Jodi was standing nearby, watching all this with amazement, when the head nurse turned to him and yelled harshly, "I told you to get those doctors back in here. Now move."
"I don’t know where they went," Jodi replied helplessly.
A page came over the public address system, calling for Doctors Rahjib and Wendover to come to the ICU on the double. Another voice called out from down the hall that the crash cart was on the way. Jodi pointed up at the ceiling from where the announcement had come over the speaker mounted there as if in answer to the nurse’s order, and stood his ground. He didn't want to miss any of this.

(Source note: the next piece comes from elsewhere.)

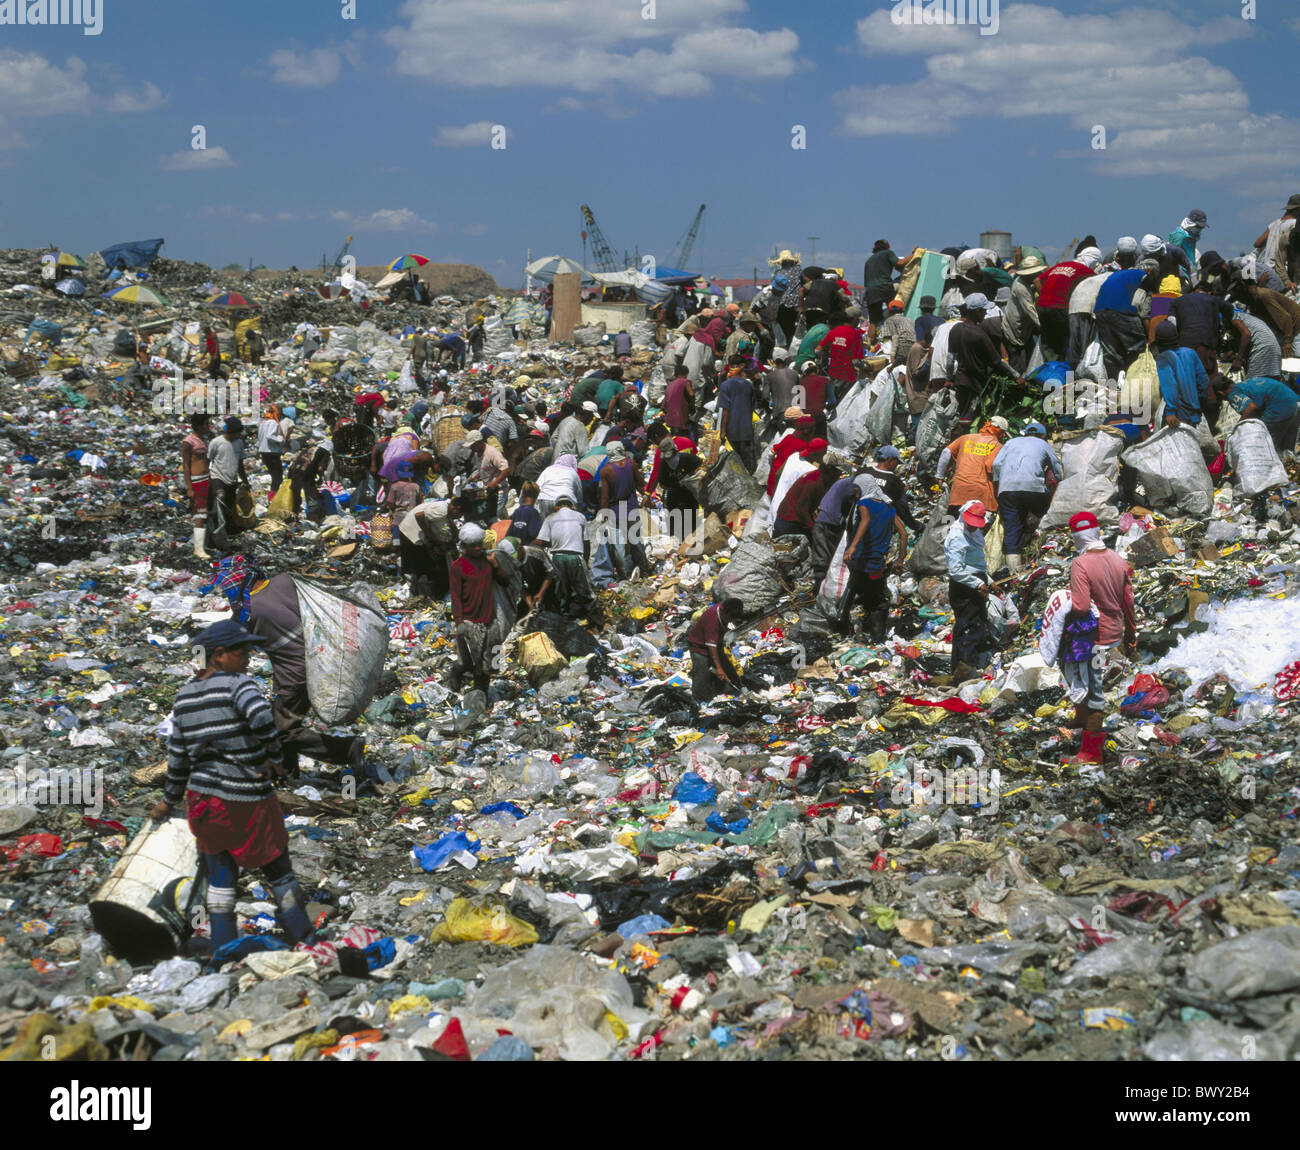 Abfall-Berg Armut Elend Elend Hunger in der Welt der dritten Person Manila Philippinen Asien Smokie Berg s Stockfoto

She shook her head and replied, "You have to go down to the doctor’s lounge on three and check. The speaker in there is busted so they won't hear the summons."
Reluctantly, Jodi trudged down the hall and went through the door that led to the stairs. He was disappointed that he would miss all the action and paused for a moment, saying, "Shit," before continuing on. He knew that any time a page went out for one of the doctors that the nurses on three sent a candy striper to the lounge with the broken P.A. system to check if the doc being paged was there. As he made his way down the stairs to the third floor, he cursed the head nurse who had sent him on this fool’s errand, not knowing that she had just saved his life.
Even as Jodi was halfway down the first flight of stairs, Doctor Wendover and Doctor Rahjib raced down the hall toward Darryl’s room from the other direction. As they entered the room, they took in the situation at a glance and moved forward to look at the now struggling patient whom they had pronounced dead only minutes before.
"Vitals," Doctor Rahjib called out.
The nurse looked down and said, "Blood pressure's-," then stopped with a confused look on her face.